Review – Middlegame

Posted 10 June, 2019 by Nikki in Reviews / 0 Comments

Cover of Middle-Game by Seanan McGuireMiddlegame, Seanan McGuire

Received to review via Netgalley

I’m still digesting this one, quite honestly. Let’s see if writing it down helps me figure out what I think! Middlegame is a novel in which time is mutable: the two main characters are living out their lives time and time again, and when they fail, time is reset back to a crucial decision point and try again and again to get the right outcome. This isn’t a spoiler — it’s apparent from the start, because the story begins at the end and jumps back.

Roger and Dodger are twins. Roger has command over language, while Dodger is a math prodigy. They were created by an alchemist desperate to prove the theories of his creator and mentor, and their whole lives have been manipulated by him to try and achieve both power and control. The question is really how exactly the twins will achieve their power and not be under his control.

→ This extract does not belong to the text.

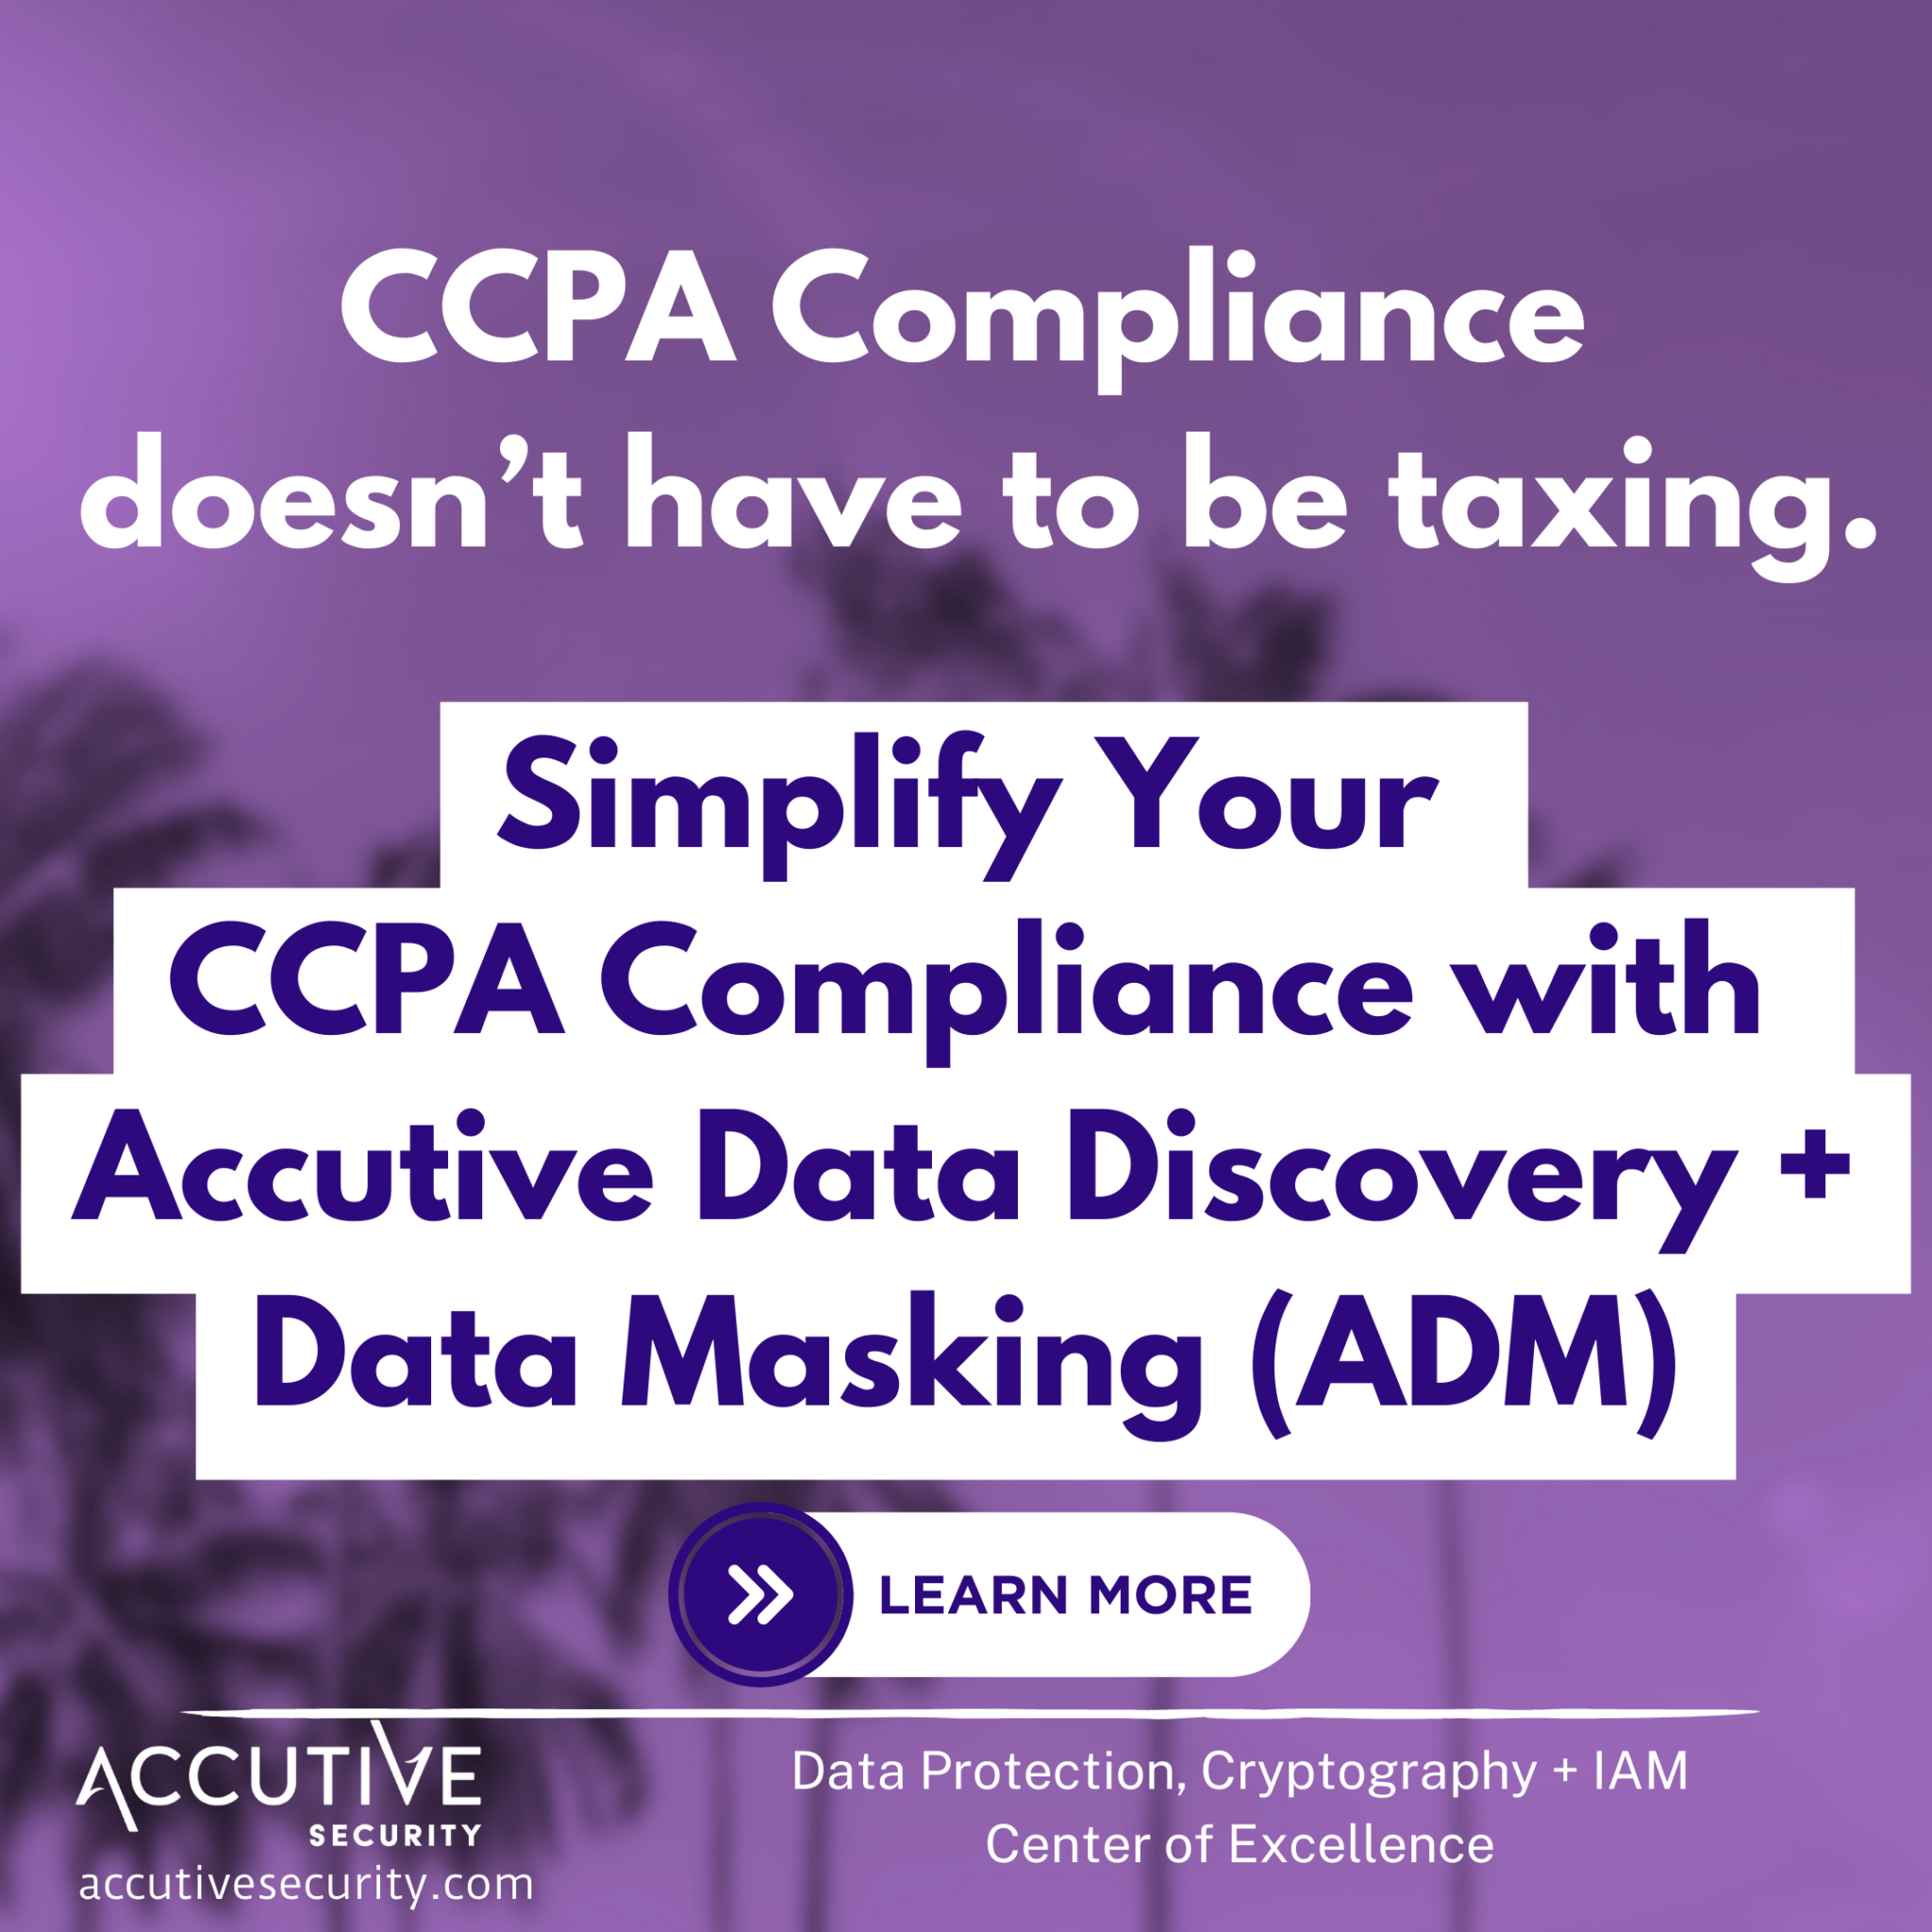 California Consumer Privacy Act (CCPA) compliance with Accutive Data Discovery and Masking (ADM)

Over and over again their lives touch just a little, and they speak to each other through some kind of link. Over and over again they are separated — sometimes by meddling, sometimes by being human and flawed and not good at their strange relationship. Their relationship is the center of the book, and you can’t help but root for them as they get it right and wrong and right again. I found the timeline a little difficult to follow, because I’m so bad at remembering any kind of numbers (I’m the Roger half of some equation, clearly), and that kind of impacted how I felt about the book — I found it a little frustrating that I kept losing my bearings. It’s cleverly done, though, and the full extent of what Roger and Dodger are takes some time to unfold and really become obvious; the broad strokes are fairly obvious from the beginning, but there’s still a sense of revelation as the book unwinds.

I think, in the end, I’m not head over heels in love with the story, but I think it’s well done and enjoyable. There are some gruesome bits and gore — touches of McGuire’s Mira Grant persona, in some ways — and the complex timeline combined with those is probably what brings down the rating a bit for me. I’m really looking forward to seeing what other readers I know make of it.